SYNTHESIS OF   ALCOHOLS

(Synthesis Tree Method)

Propose a synthesis plan for the indicated target molecules from the indicated single molecules (MOb 30 -41). To do this, use the reagents and reaction conditions that you think are necessary:

MOb 30 solution.

Strategy: It is observed that the starting molecule has been dehydrated and in the initially unsubstituted allylic position, a hydrogen has been displaced by the cyano or nitrile group. This last reaction can occur only if the precursor molecule is an allylic halide, which is why it is proposed as a precursor of the mob 30.

The Br is introduced in the desired position with the NBS and the alkene is the product of the dehydration of the starting molecule.

Solution MOb 31.

Strategy : It is a uncle ether, the necessary precursor molecule will be a 1,3-cyclopentadiene halide.

This halide is prepared by the action of NBS on the dienic cycloalkene, which in turn is prepared by the dehydrobromination of the precursor molecule, which is reached by the action of NBS on the cycloalkene formed.   previously by dehydrohalogenation of the starting molecule brominated by radicals

Mob 32 solution.

Strategy : It is similar to the one used in obtaining the mob 30

Solution MOb 33.

Strategy : the MOb 33 has an increase of two alkyl groups (methyl and ethyl) in relation to the starting molecule, which are introduced in different stages, for which a ketone is proposed as a precursor, carrying the ethyl group, which is introduced into the aldehyde. obtained from the starting alcohol.

Solution MOb 34.

Strategy : the MOb 34, shows that an initial methyl group was transformed into an aldehyde, which will obviously be formed from an alcohol, and the latter by hydration of an alkene, which is reached by dehydrobromination of a brominated molecule by radicals, of the starting material.

MOb 35 solution.

Strategy : An alkene is proposed as a precursor molecule, which is brominated under antimarkovnikov conditions. The alkene was prepared by dehydration of the alcohol formed, by the action of a Grignard on a ketone, which is prepared by oxidation of cyclohexanol.

Solution MOb 36.

Strategy: the MOb ,   it has twice as many C atoms as the starting one. Then an alcohol is proposed as a precursor, the same one that will be prepared between a Grignard and an aldehyde formed from the same starting molecule.

Solution MOb 37.

Strategy: The methyl ketone of the mob 37, can be prepared by oxidation of an acetylide group with Hg(II) salts in an acidic medium, the alcohol is not affected by this reagent.

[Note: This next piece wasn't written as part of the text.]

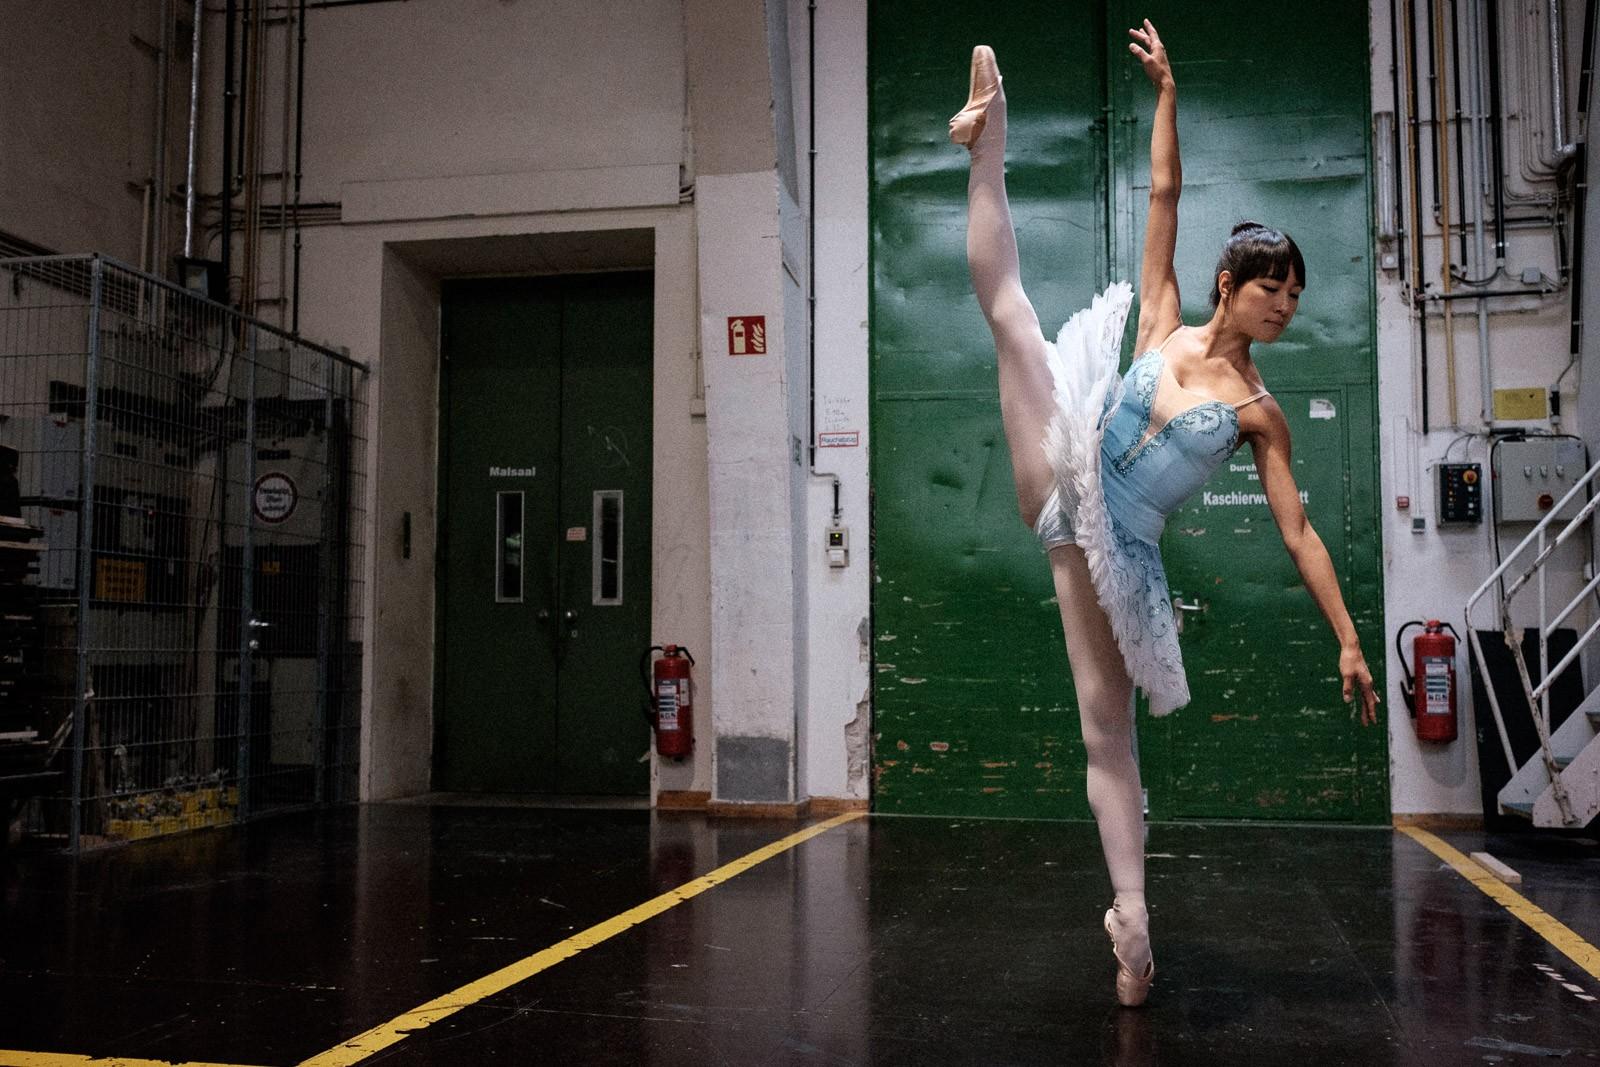 dramatic dance pose ballet dancer staatsballett

The alcohol was formed by the action of sodium acetylide on a ketone derived from the starting alcohol by oxidation.

Mob solution 38.

Strategy: The starting material is oxidized to aldehyde with disiamilborane, which attacked by a suitable Grignard to form the mob 38

Mob solution 39.

Strategy :   As the mob 39 is an aldehyde, an alcohol is proposed as the precursor molecule, which, in turn, is prepared by opening an epoxide with a Grignard formed from the bromide of the starting molecule. This is brominated by radicals, to have the necessary compound.

MOb 40 solution.

Strategy : The halides are obtained from alkenes or alcohols, the latter is the best option, because the action of a Grignard group that contains the phenyl group allows the alcohol required to be formed as a precursor molecule.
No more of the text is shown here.